RAW DATA:
━━━━━━━━━━━━━━━━

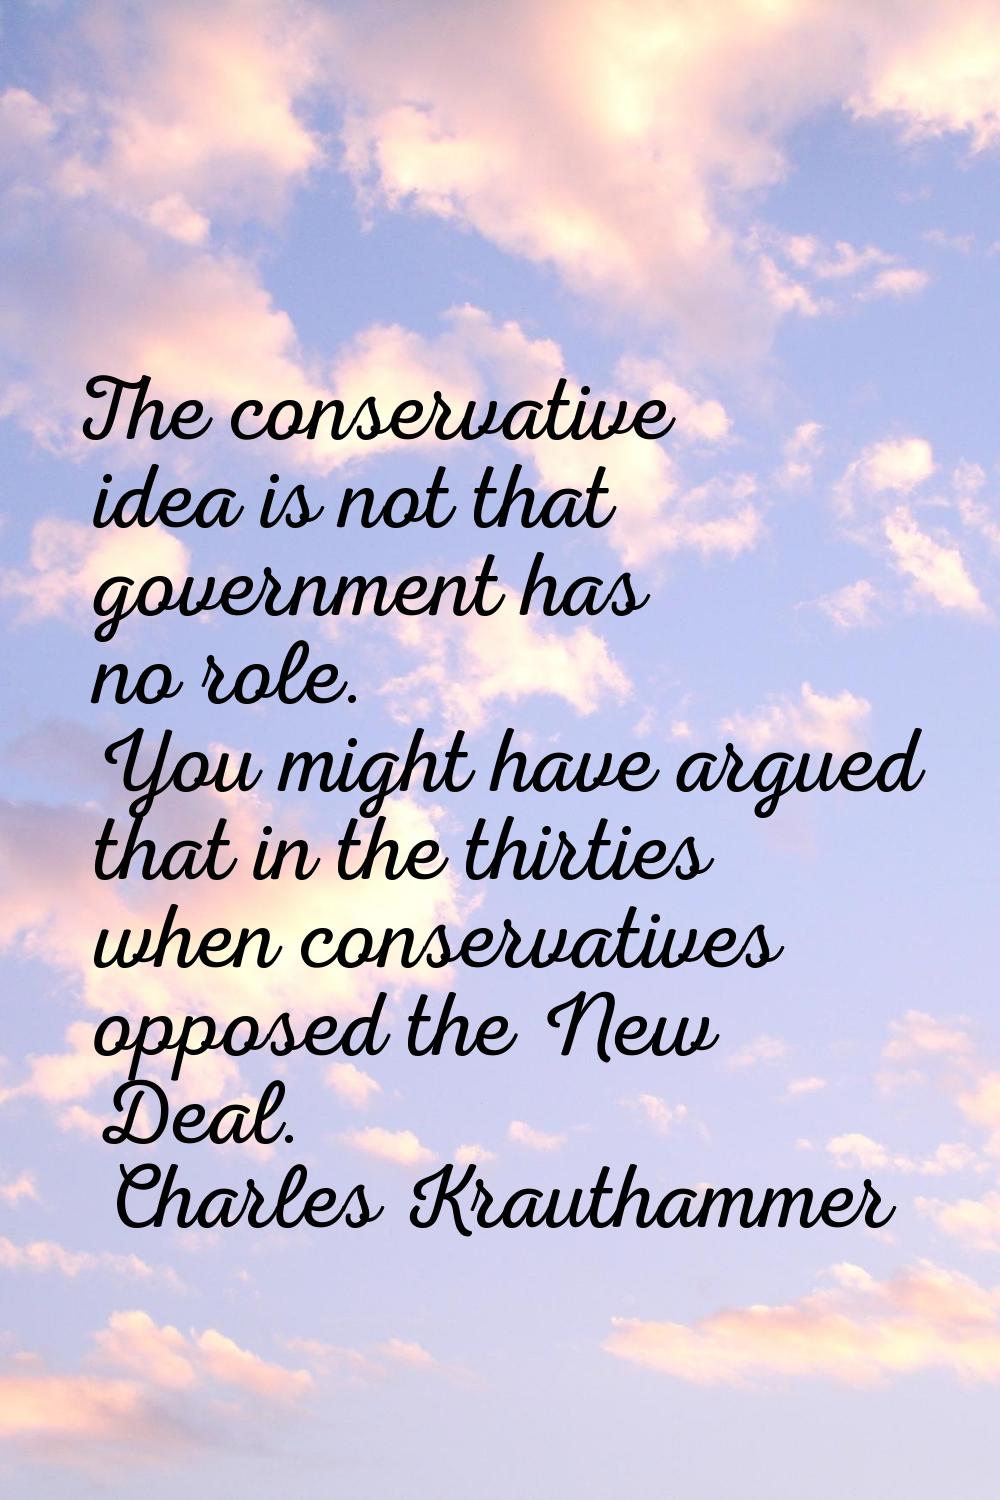 The conservative idea is not that government has no role. You might have argued that in the thirtie
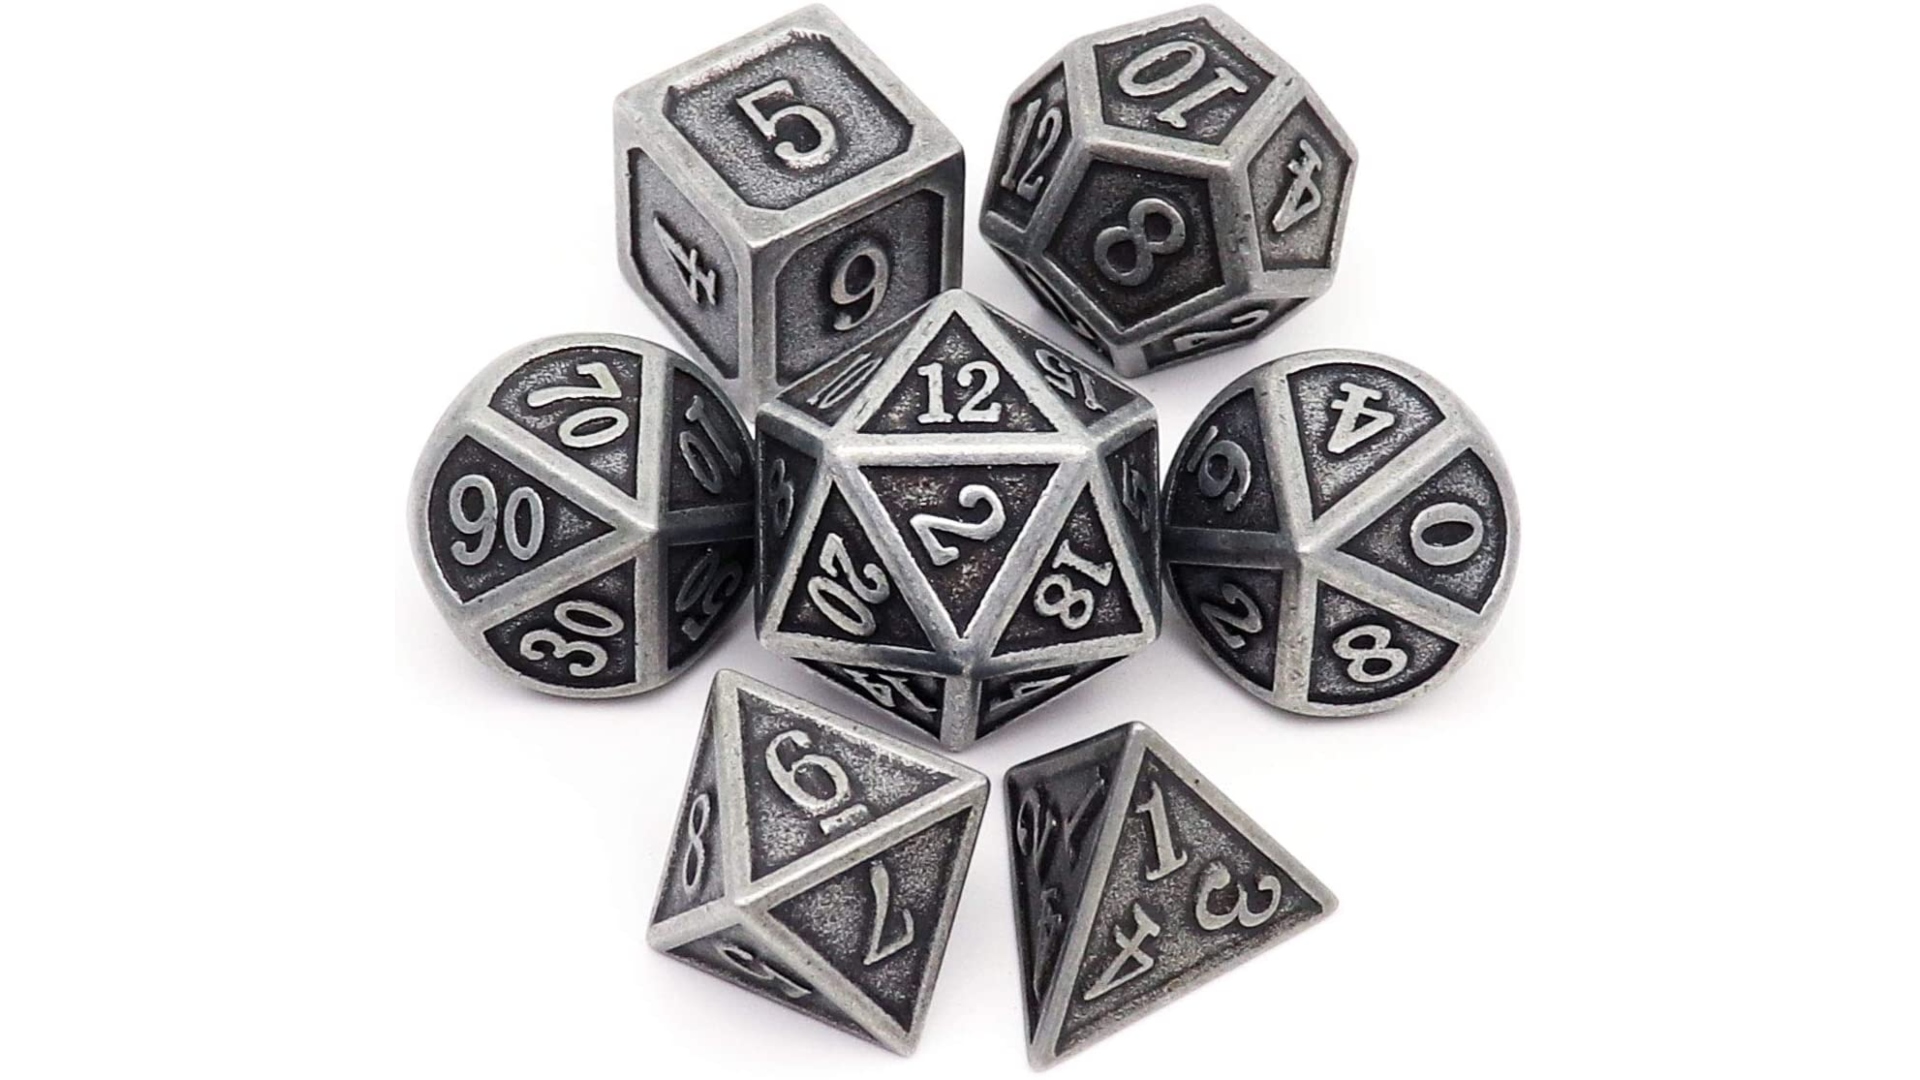 DnD gifts - An antique Dungeons and Dragons dice set. Every type of dice is present.
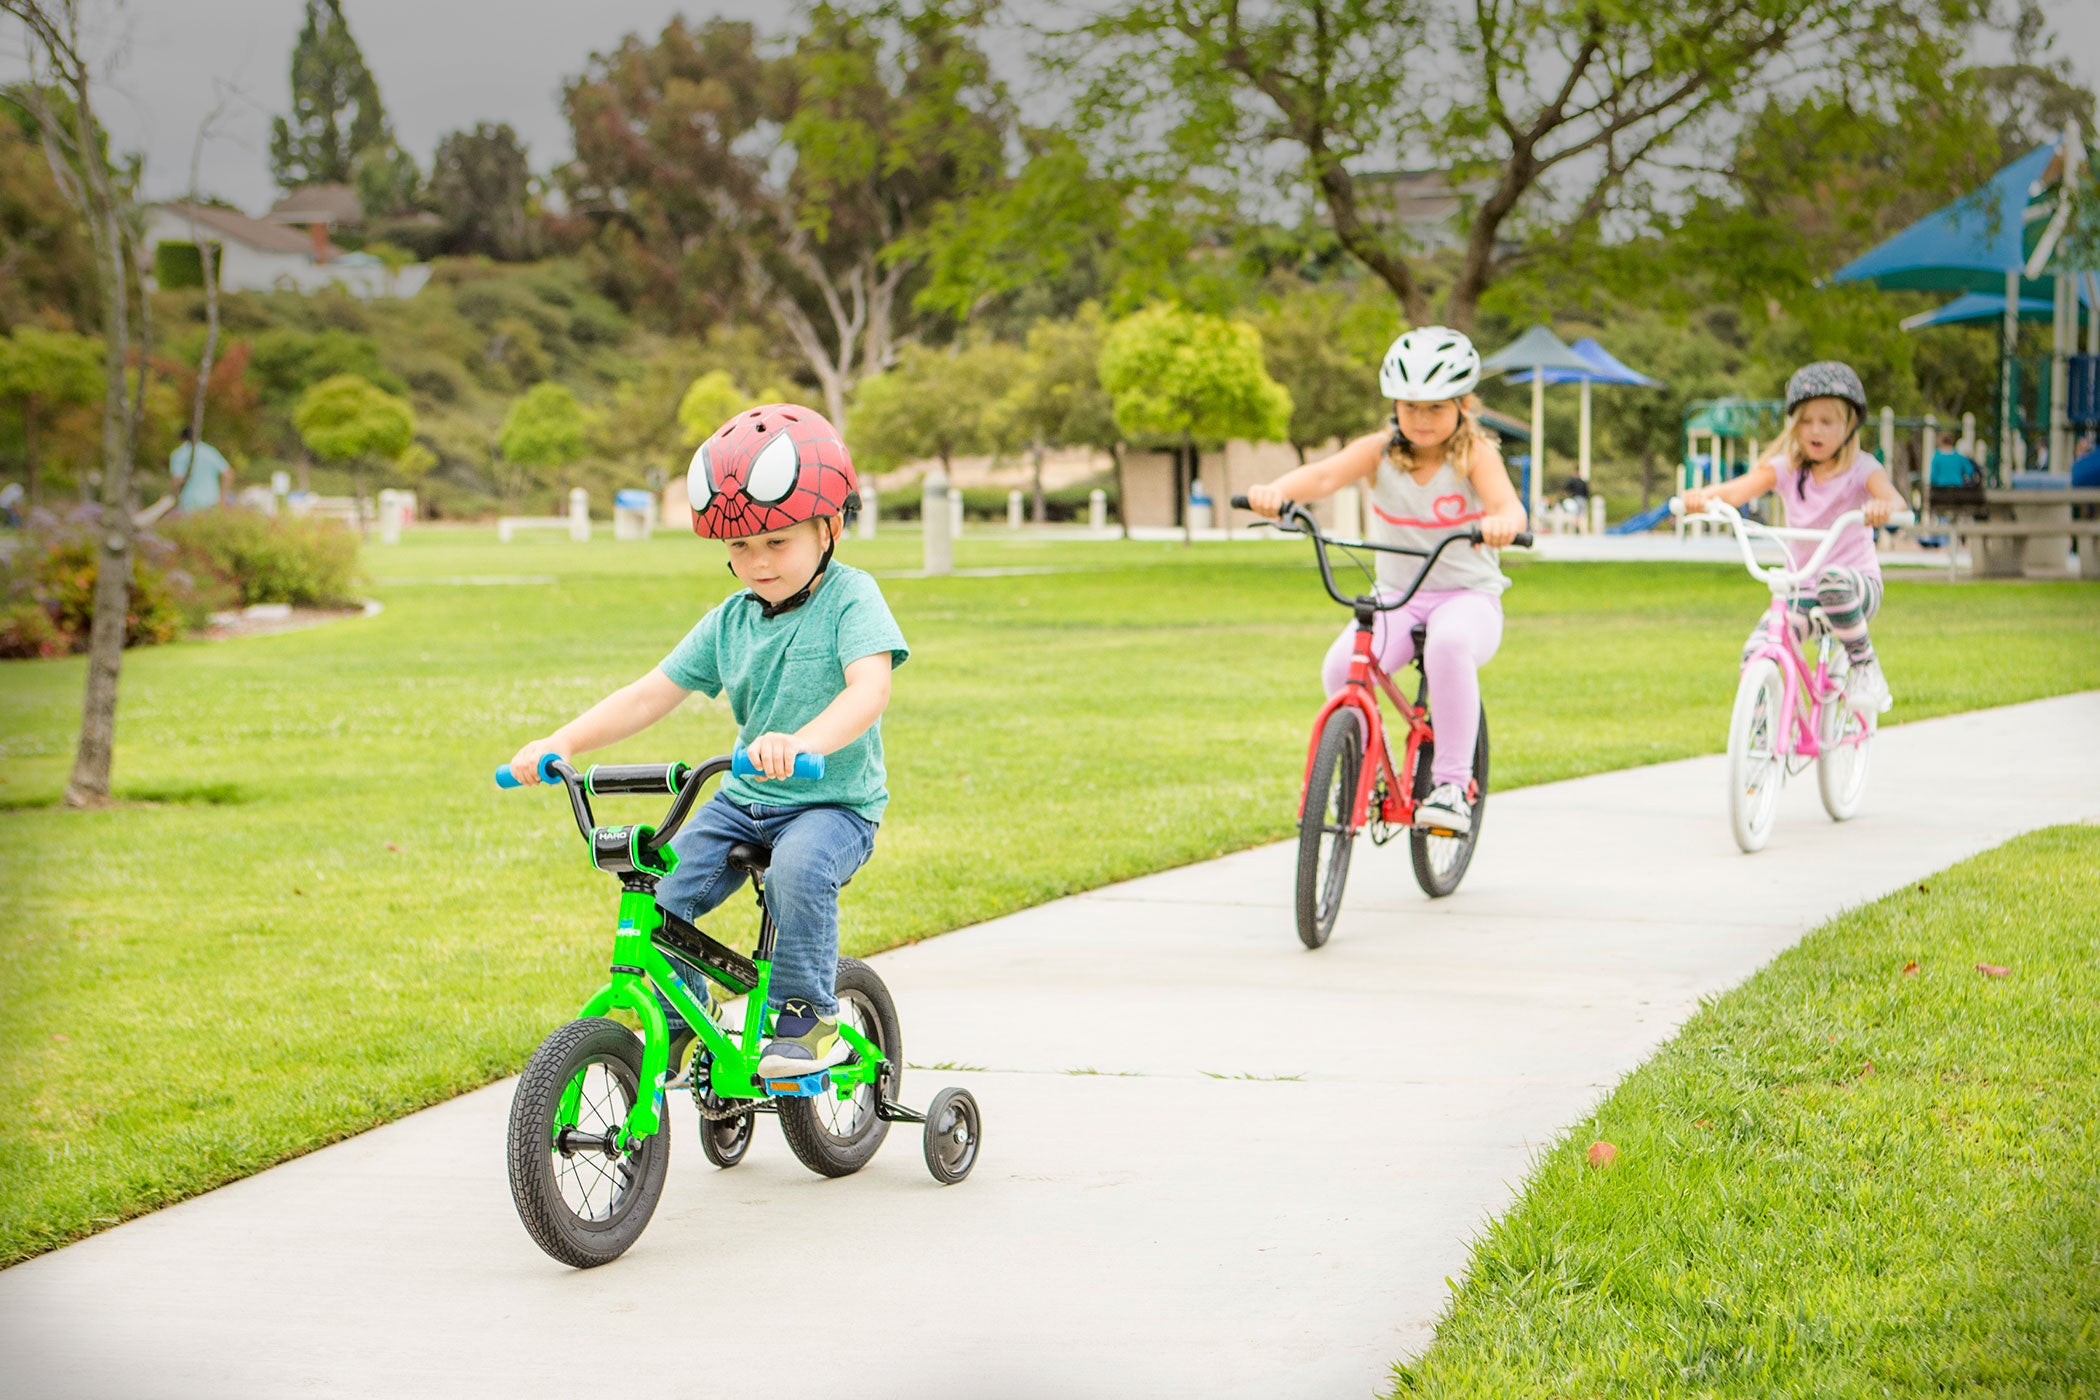 Kids riding bikes in a park

━━━━━━━━━━━━━━━━

ASSIGNMENT: Drop the pictures and give every line above again exactly.

EXERCISE SOLUTION:
 The conservative idea is not that government has no role. You might have argued that in the thirtie
 DnD gifts - An antique Dungeons and Dragons dice set. Every type of dice is present.
 Kids riding bikes in a park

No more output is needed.